I do not call you servants any longer,
because the servant does not know what the master is doing;
but I have called you friends,
because I have made known to you everything that I have heard from my Father.
John 15:15
A millennial marketer tries to reassure everyone that the latest generation is still interested in human connection. She says, “Marketers can be confident that a desire for authentic face-to-face connection does not magically skip this digitally driven generation. While Millennials find and foster friendships online, they still want people they can invite to chat live over their cold-brew coffee (and they appreciate the ability of digital technology to help them do this). They see online personas as being largely honest and the catalyst for wanting to discover deeper aspects of individuals in-person.” Then she tells the marketers how they can wheedle themselves into the data stream. Another man from Philly suspects all this “relating” is really about being used to pump up your supposed friends’ name recognition, since friendship is mainly about business in the gig economy.
If my Memorial Day weekend and my last cell meeting are accurate indicators, it is not just the marketers and bloggers who are interested in where friendship is going these days. A lot of people are wondering where their friends are, and they are afraid they are not going to make any more, now that they are out of college.
Our cell thought it might be a good use of our map if we named the problem we all feel and do something about it. How about a year of friendship building? How odd that would seem so countercultural!
As I talked about friendship here and there, a picture began to form about why people either have no real friends or at least think they don’t. I wonder what you think about these four reasons I ended up with, so far:
They don’t take the friendship they get.
It was interesting to talk about not having any friends while we were sharing intimately about friendship in our cell. I asked, “Are we not friends, here?” Is friendship the idealized relationship you hope you will have some day, or is it loving the people in your present circle? Jesus calls his disciples friends because he has given them his life, not because they qualify or they benefit him in some extraordinary way.
They don’t appreciate the friendships they have.
When I was doing my bit of research about friendships online, I was surprised to see how much advice there was about how to end a friendship [like from Oprah]. There is reason for this advice, of course. But I got the impression from my conversations that there was a lot of Tinder-like relationship making more than there was any great need to end connections. A lot of people have such limited trust for anyone, people get disposed of long before they are known or appreciated for who they are! One of my friends told me she was “firing” all her friends. She was moved to reconsider when I asked, “Can they reapply?” Her problem was more that she had never been honest or forthcoming about her discomforts and had done more managing than relating. The idea of expressing her appreciation and lack of it seemed like a better strategy for friend-making, rather than cutting someone off when a problem arose.

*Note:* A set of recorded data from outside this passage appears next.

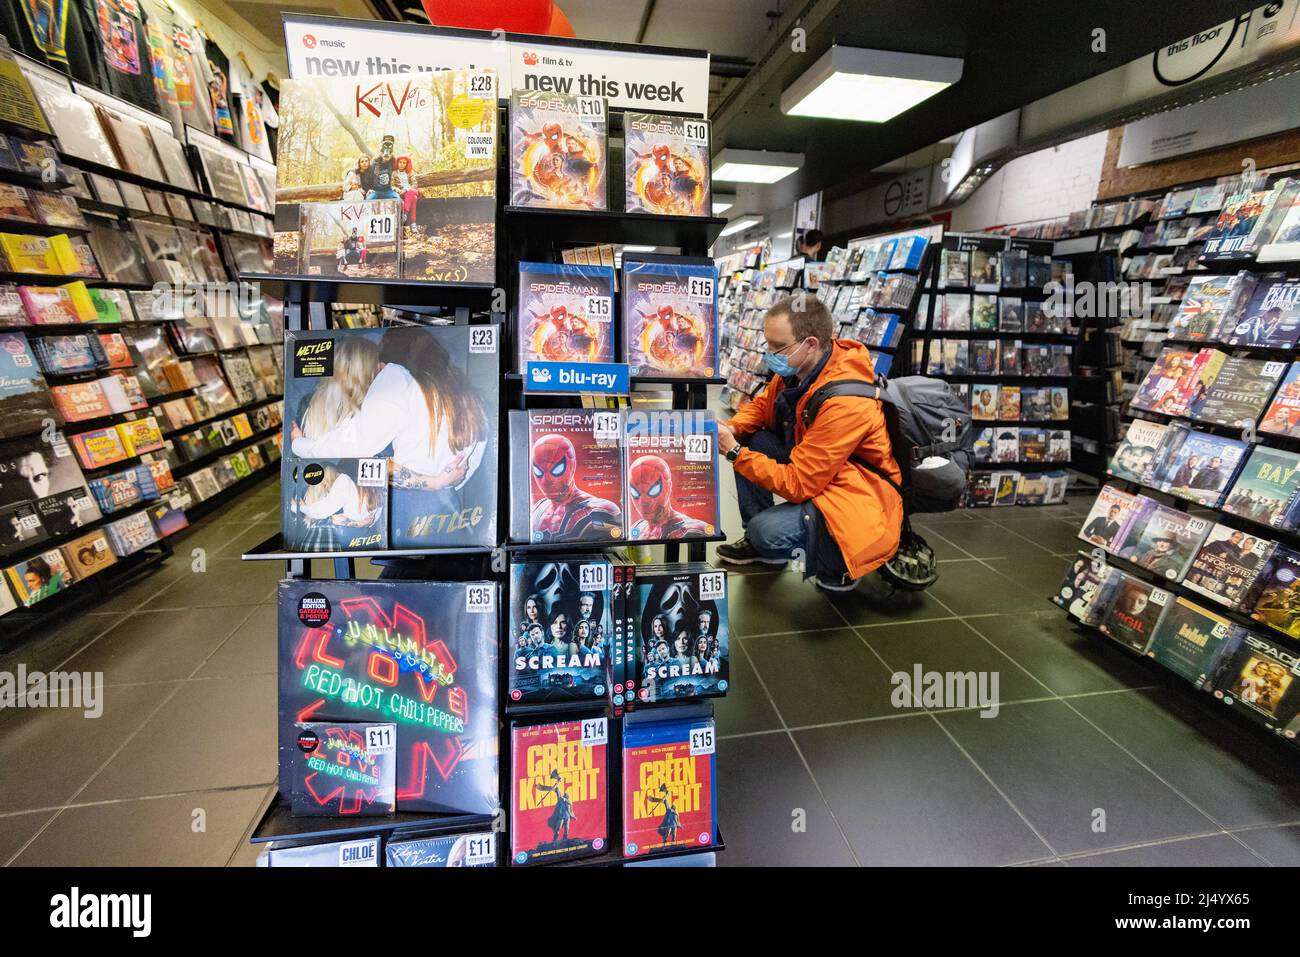 COVID shopping UK; Homme magasiner pendant la pandémie de COVID portant un masque et achetant des DVD à l'intérieur d'un magasin pendant la pandémie de COVID 19, Cambridge UK Banque D'Images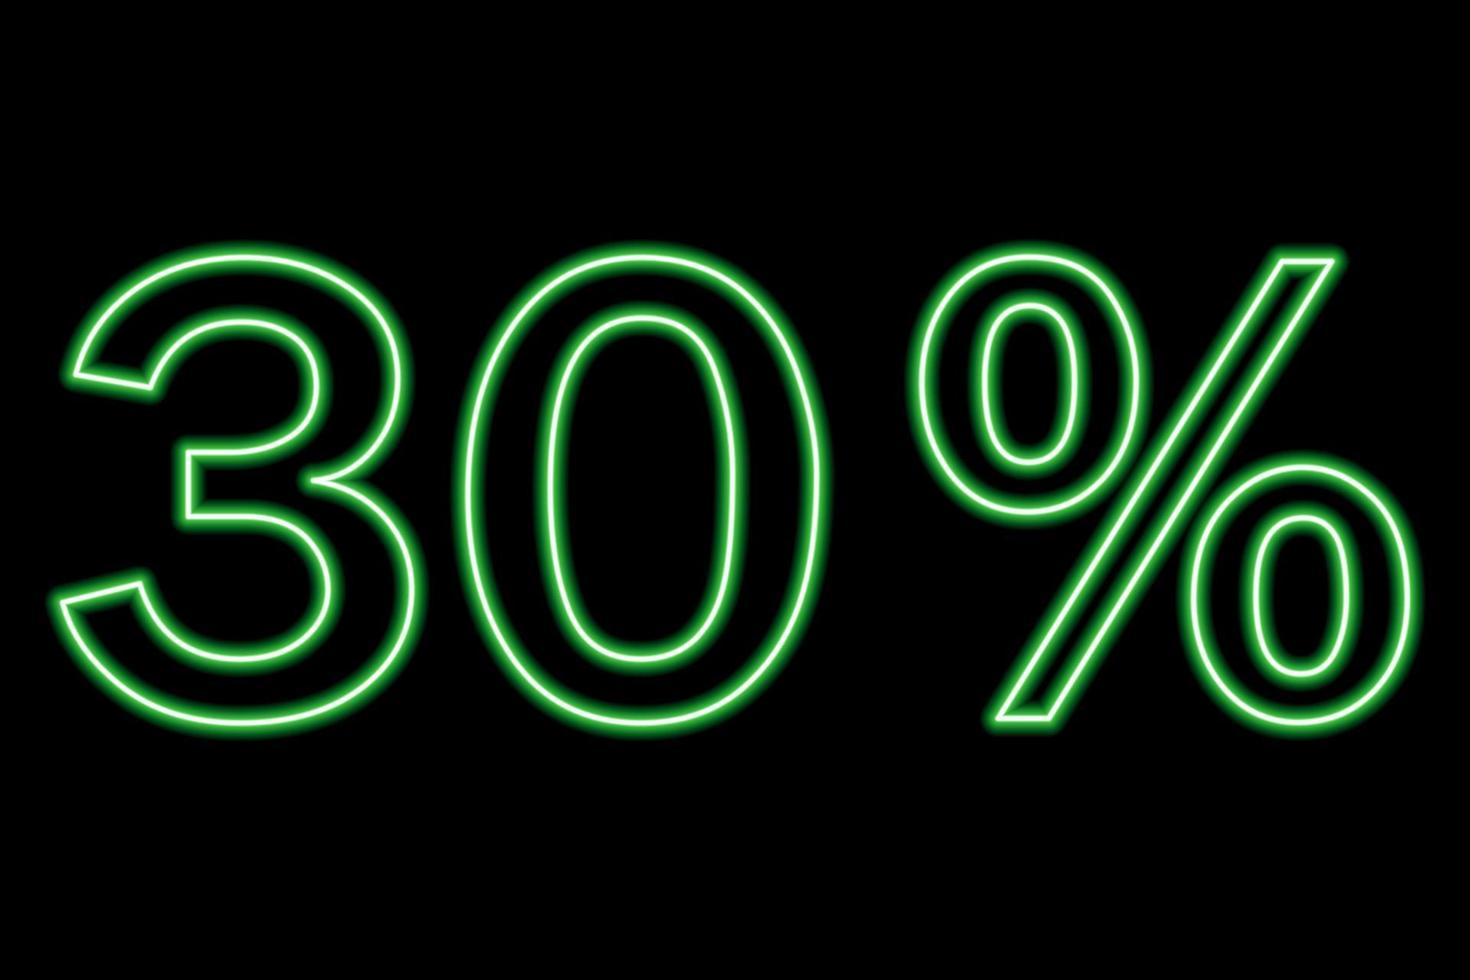 Inscripción del 30 por ciento en un fondo negro. línea verde en estilo neón. vector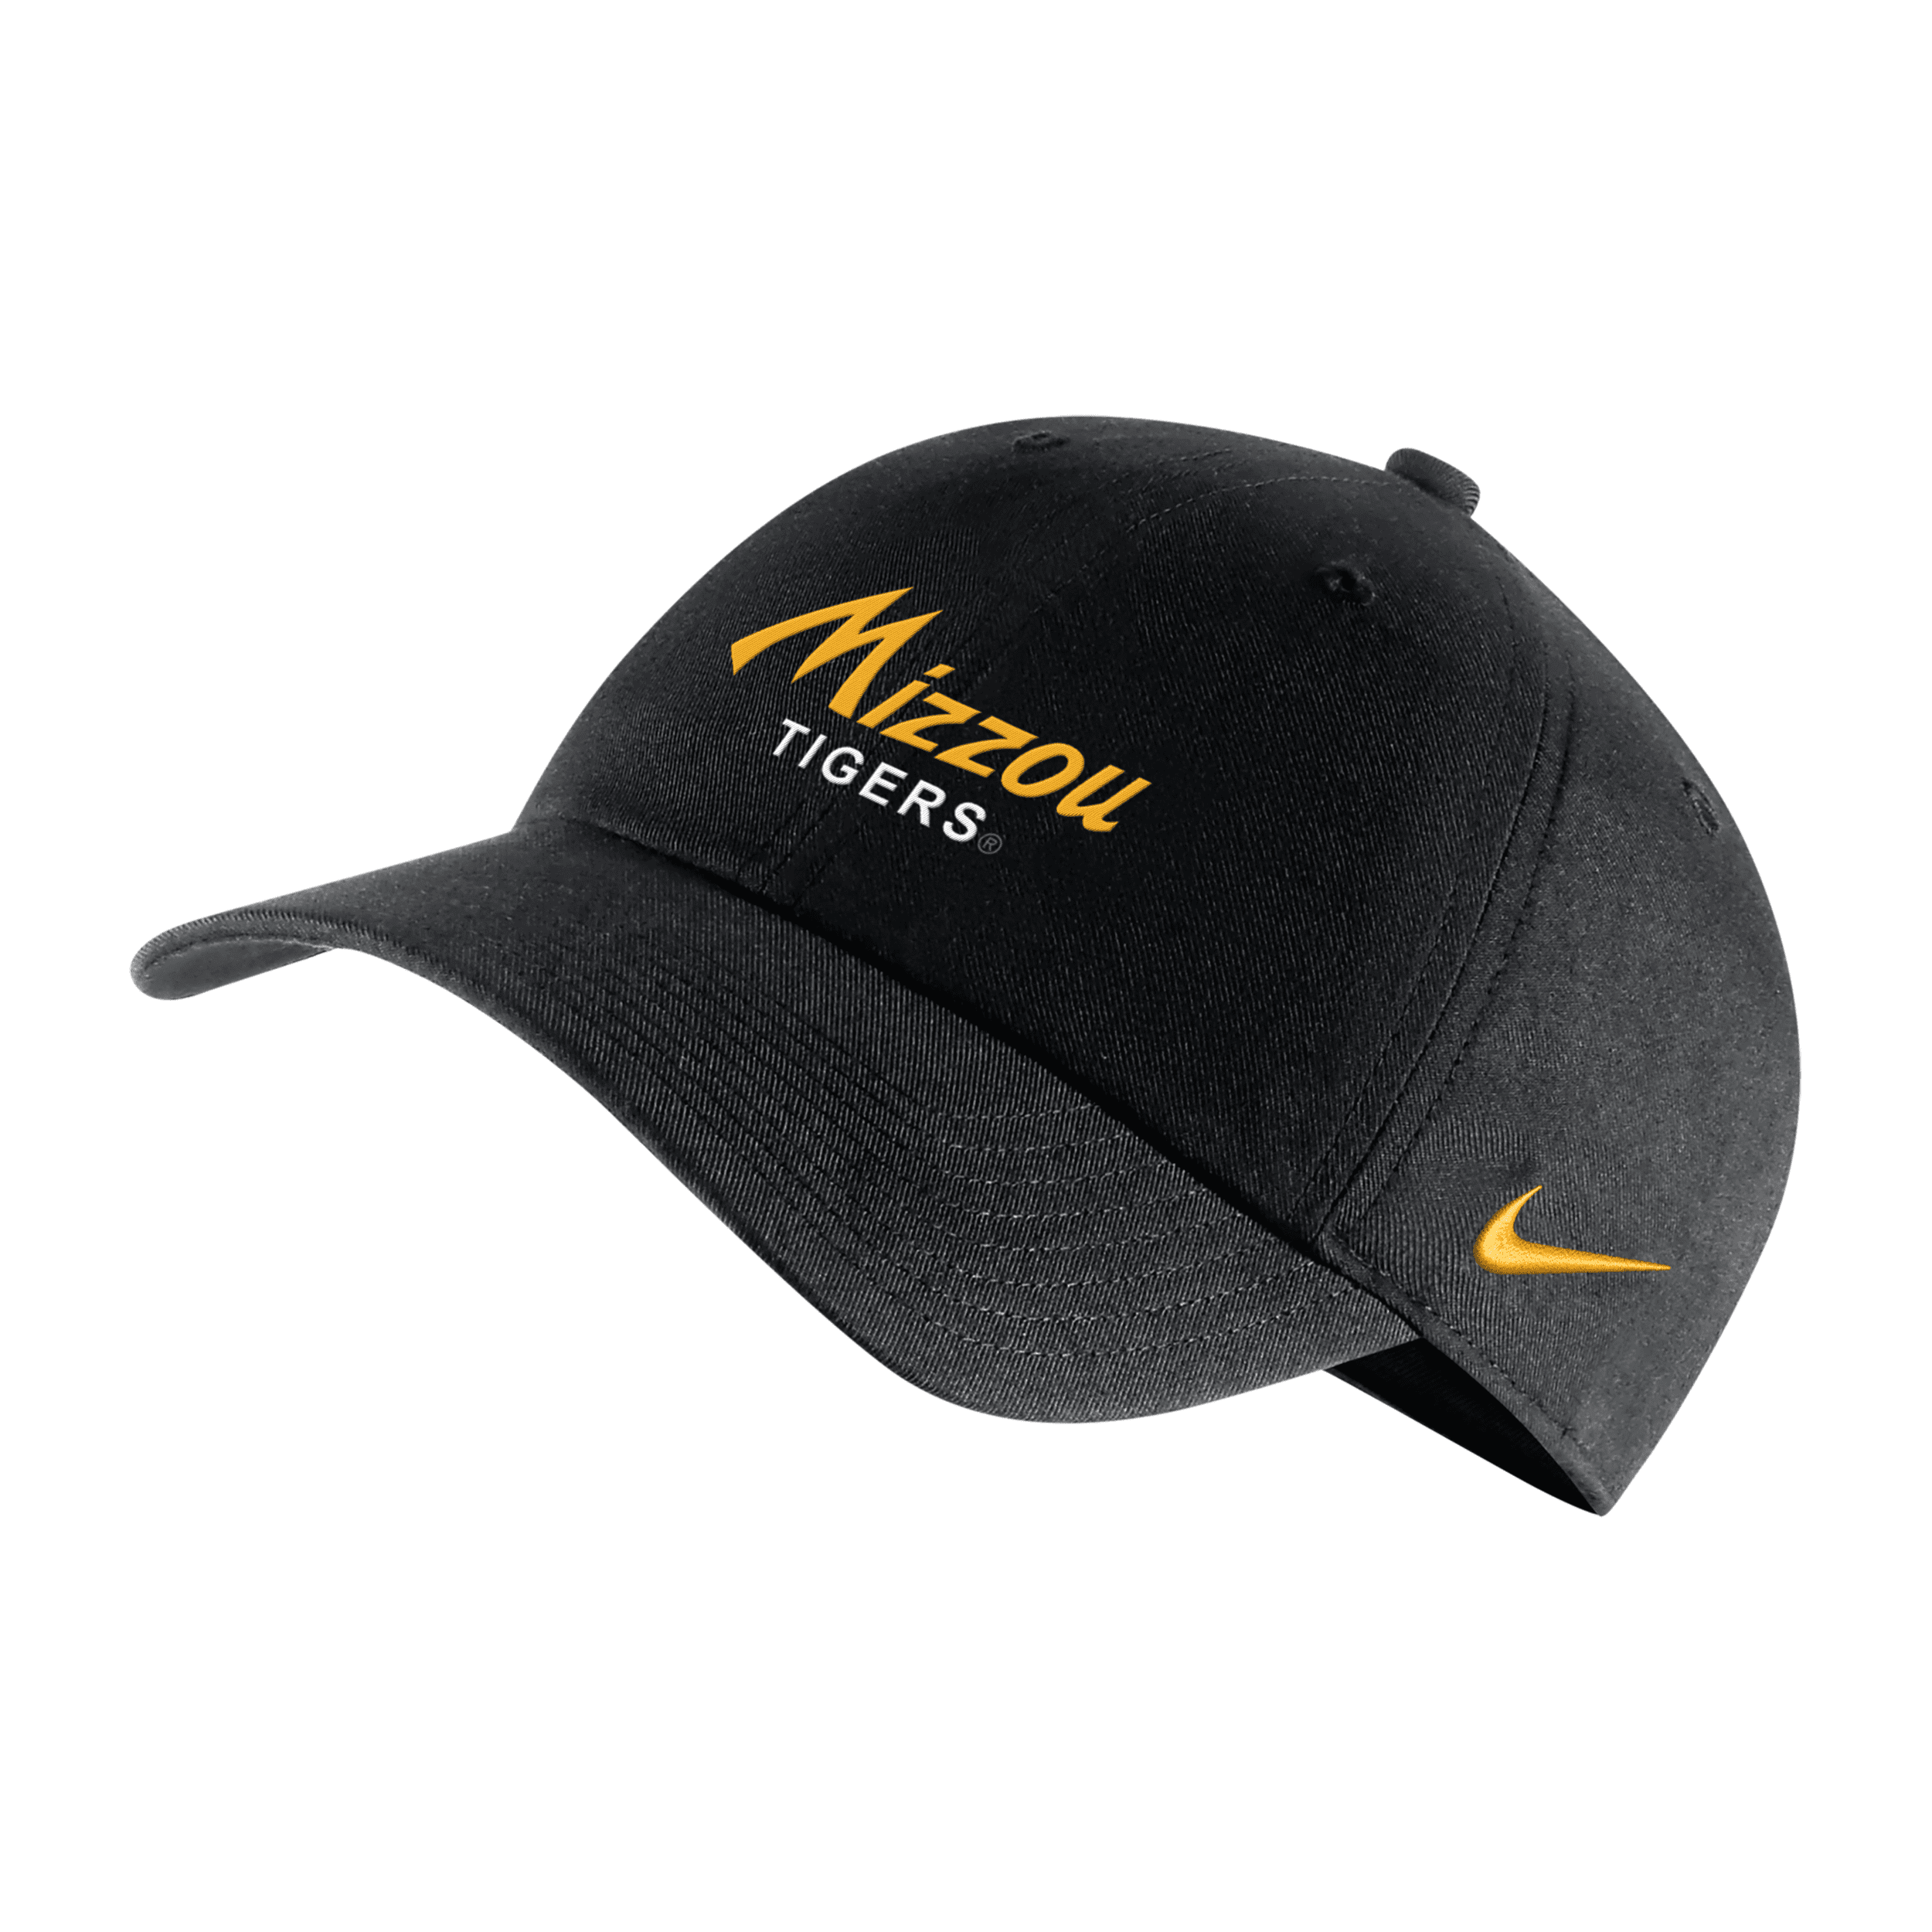 Nike Missouri Campus 365  Unisex College Adjustable Hat In Black

They don’t want friendships that need to be built.
When we were children we could make a lasting connection because someone decided to unfreeze us during tag. In college we could show up for breakfast at the same time. Now that we’re married, or engaged with work mates, or have children, our relating time could be a lot of necessity and not a lot of the serendipity that feels so good. Getting over the hump and creating something good seems like a stretch for a lot of us and just too much work. Recently I went on a walk with a relatively unbuilt friend and frankly said, “Let’s be friends.” He said, “Sure.” Naturally, we both calculated in the back of our minds how we would actually fit this in and do the work. But it certainly seemed like a good idea.
They don’t fight authentically.
This is probably the reason there is so little love in the world, in general. Healthy conflict is the key to lasting intimacy and people come to the end of their capacity for it long before the fruit of it is born. I think most of us think being part of a cell is “friendship lite” and we probably would not survive a fight in one of them (or ever dare to have a conflict of any kind). Feeling something deeply enough to fight about it, or to react unguardedly about it, is extremely risky for most of us and we would rather die than do it. We’d rather not have friends than risk losing them. We’d rather not connect than be known or risk finding out someone else does care to know us (as we fear they feel already).
Jesus has his work cut out for him, doesn’t he? We might prefer to be called servants than to be called friends. Friendship requires a depth of humanity we aspire to, but the rocky road toward it is so daunting, we may only try it a couple of times. And if the road gets too rough, we just might give up. Maybe we need to name our issues with friendship and even put a goal about it in our common map of the future. We might get somewhere and love might grow.